U.S. Rep. Alexandra Ocasio-Cortez is calling for the passage of a bill that would make it easier for the victims of nonconsensual AI porn to sue the publishers, distributors and consumers of fake X-rated images and videos.
Ocasio-Cortez, along with Democratic Women’s Caucus Policy Co-Chair Ayanna Pressley, held a roundtable discussion earlier this week about the harms that sexually-explicit deepfake pornography can do and how legislation can empower victims to seek justice. The bogus porn has swept the internet in recent years, and women and girls are typically the targets.
“Today, the Democratic Women’s Caucus, Bipartisan Women’s Caucus, and survivors came together to discuss the urgent need for action against a rising tidal wave of nonconsensual deepfake pornography,” Ocasio-Cortez said in a statement. “Over 90% of all deepfake videos made are nonconsensual sexually explicit images, and women are the targets 9 times out of 10”
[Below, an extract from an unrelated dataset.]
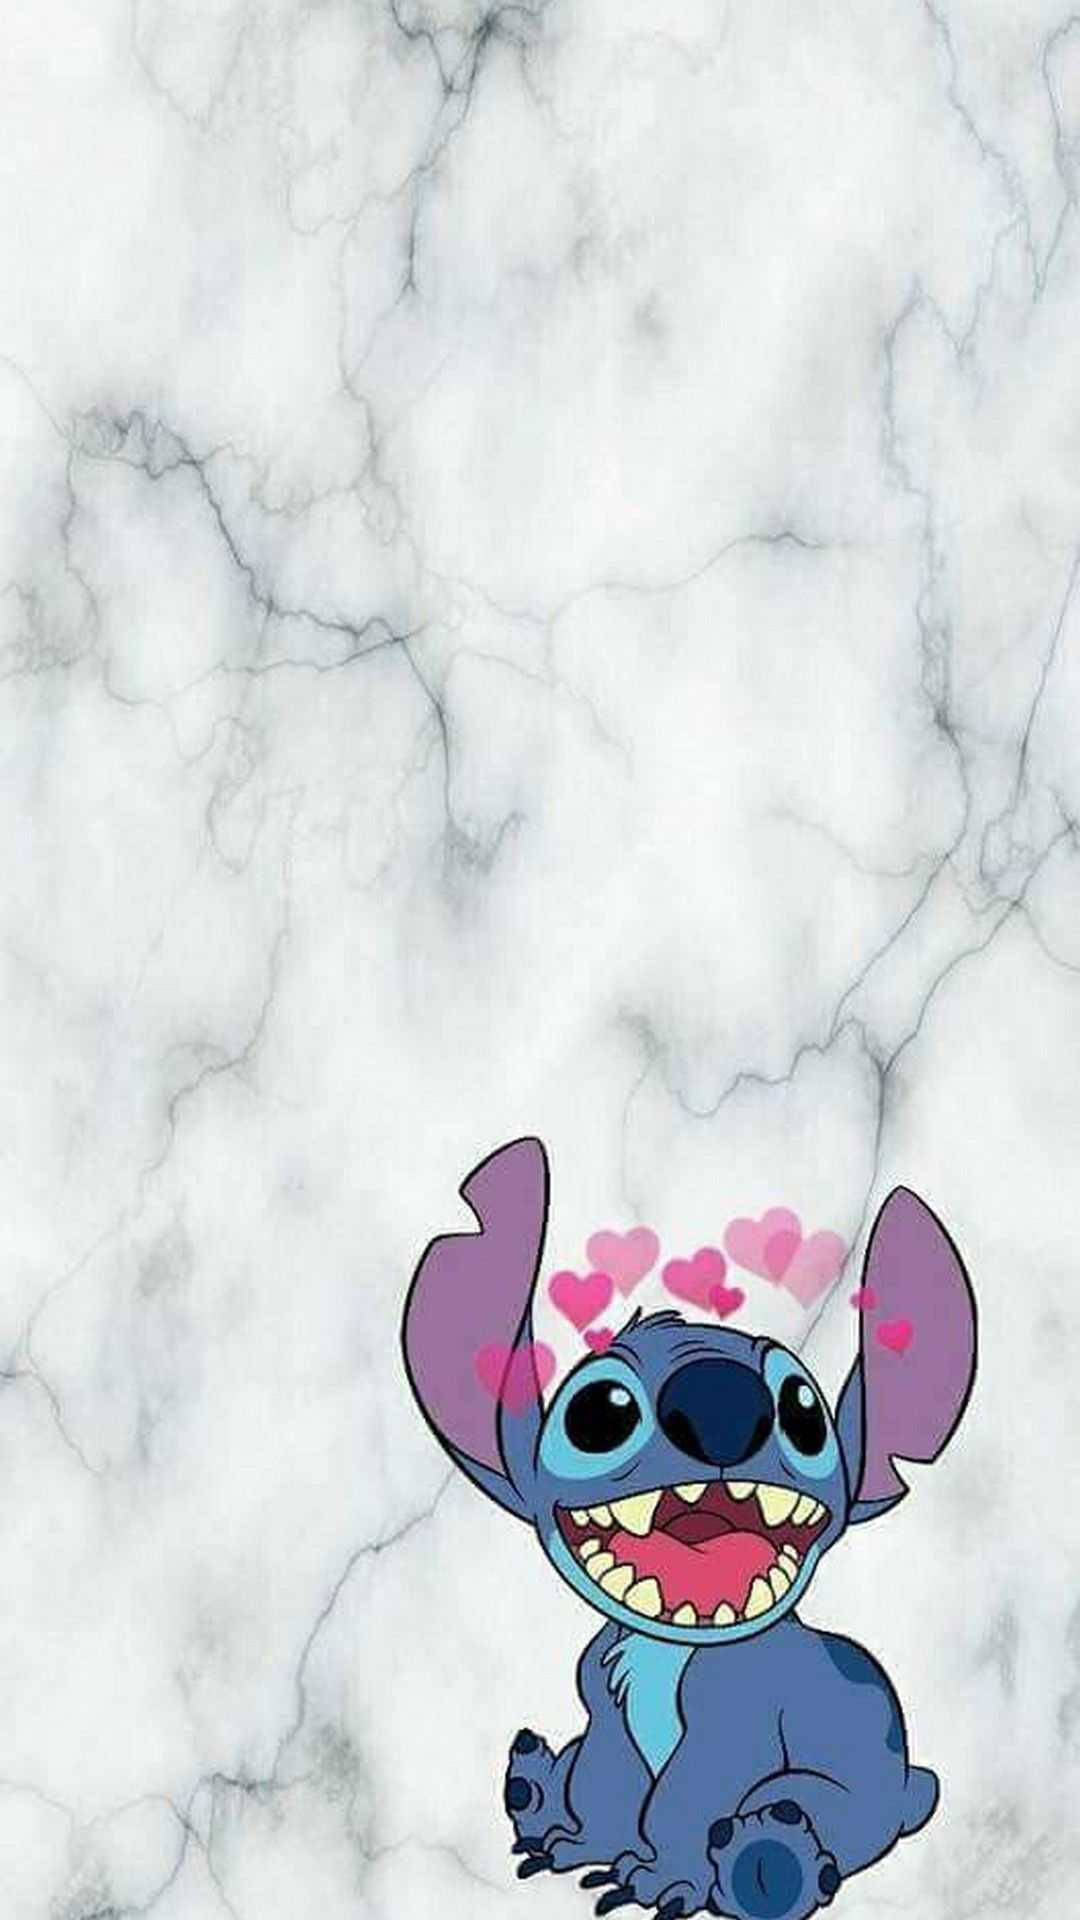 Cute Stitch With Pink Hearts Wallpaper

The legislation, spearheaded by Ocasio-Cortez and called The Disrupt Explicit Forged Images and Non-Consensual Edits Act of 2024 (DEFIANCE Act), was introduced in March and its companion bill was passed unanimously by the U.S. Senate in July.
Ocasio-Cortez, who herself is a victim of sexually explicit deepfake images, told Rolling Stone magazine in an interview earlier this year that she came across the images while scrolling through the social media site X in the car with some staffers.
“And once you’ve seen it, you’ve seen it,” Ocasio-Cortez said to Rolling Stone. “It parallels the same exact intention of physical rape and sexual assault, [which] is about power, domination, and humiliation. Deepfakes are absolutely a way of digitizing violent humiliation against other people.”
Also attending the roundtable discussion was actor and activist Sophia Bush, the executive producer of the documentary “Another Body,” which chronicles a woman’s search for justice after becoming a victim of deepfake pornography.
“We are living in a world where too many people, women especially, are being targeted through nefarious applications of technology,” Bush said in a statement. “My hope is that the House follows the Senate by passing this monumental legislation that will give victims a means to finding protection and justice.”